::: INPUT DATA :::
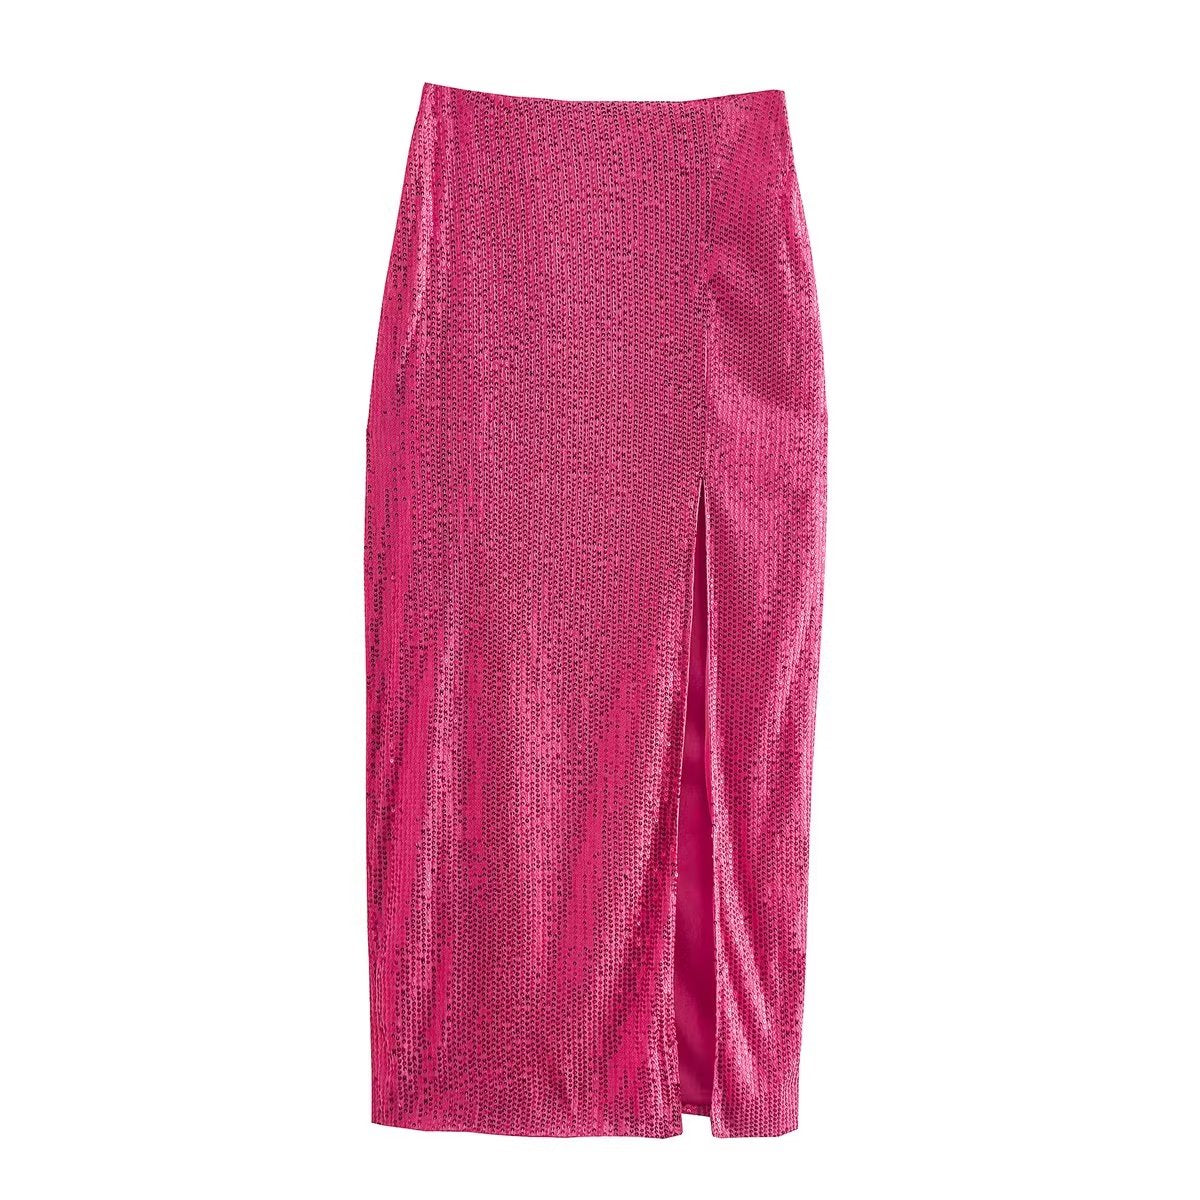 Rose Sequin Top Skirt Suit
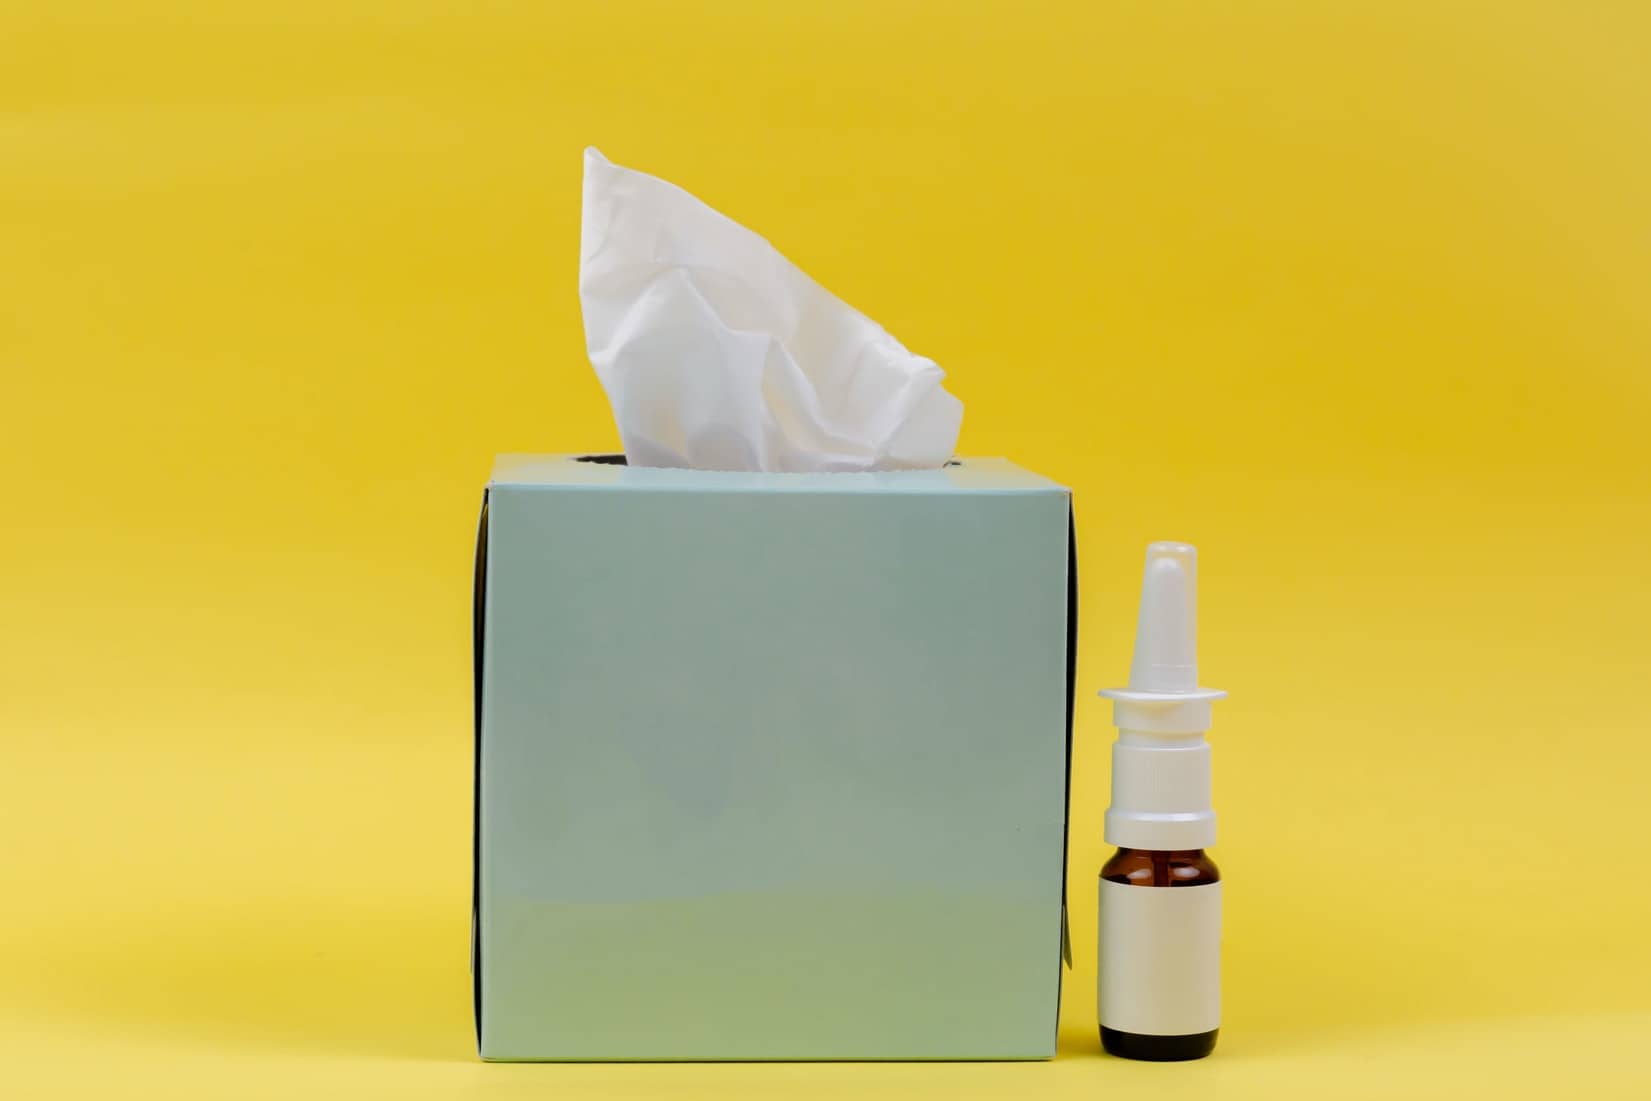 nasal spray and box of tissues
:::
::: INPUT DATA :::
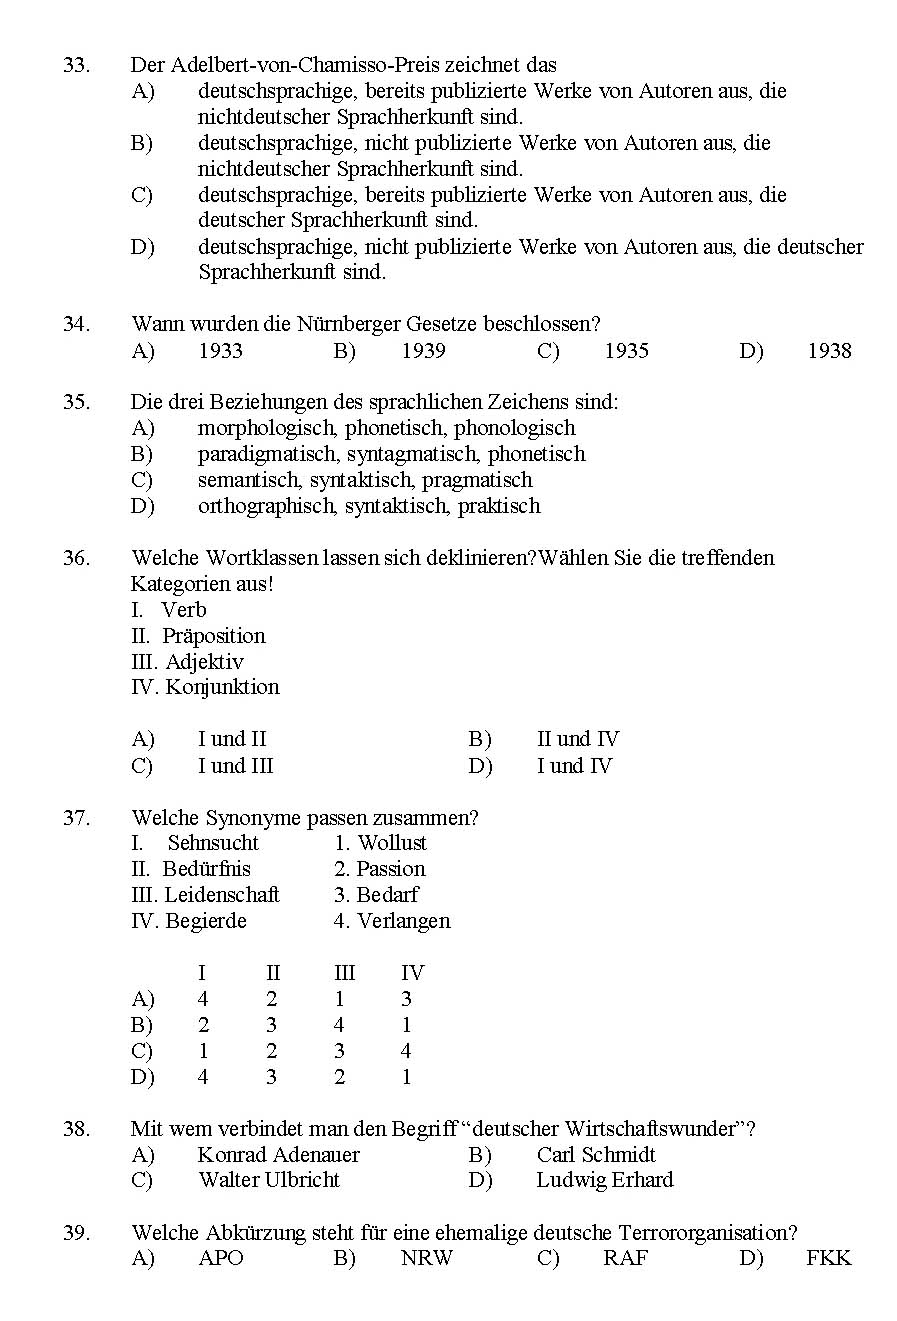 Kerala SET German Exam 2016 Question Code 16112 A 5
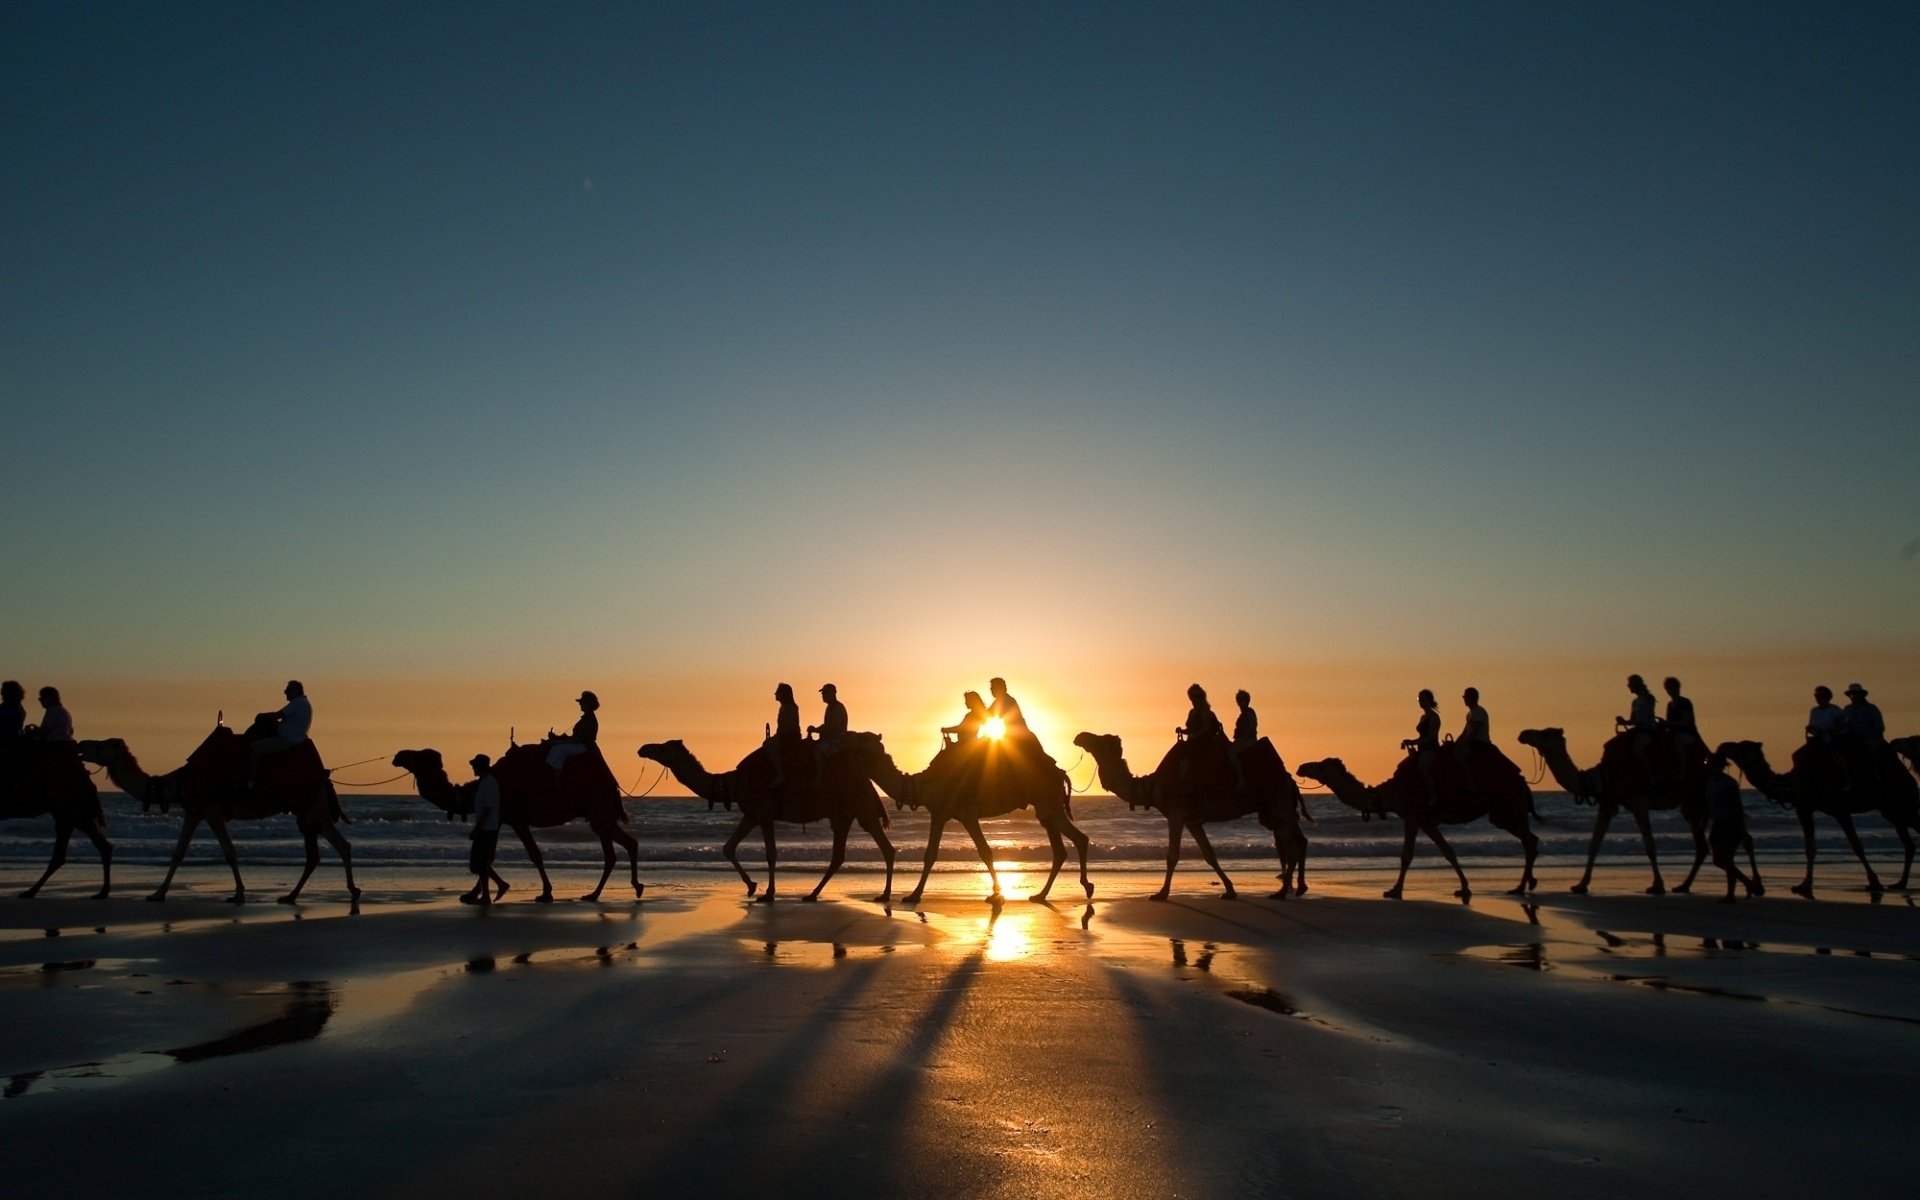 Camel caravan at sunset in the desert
:::
::: INPUT DATA :::
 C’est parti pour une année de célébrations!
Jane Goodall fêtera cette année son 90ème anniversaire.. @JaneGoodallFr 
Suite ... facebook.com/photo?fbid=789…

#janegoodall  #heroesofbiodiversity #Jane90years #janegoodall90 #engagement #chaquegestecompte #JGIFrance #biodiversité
:::
Each line of the entries above that includes "année" counts once; state how many such lines there are, with the number as the only answer.

• RESULT FOR THIS EXERCISE:
2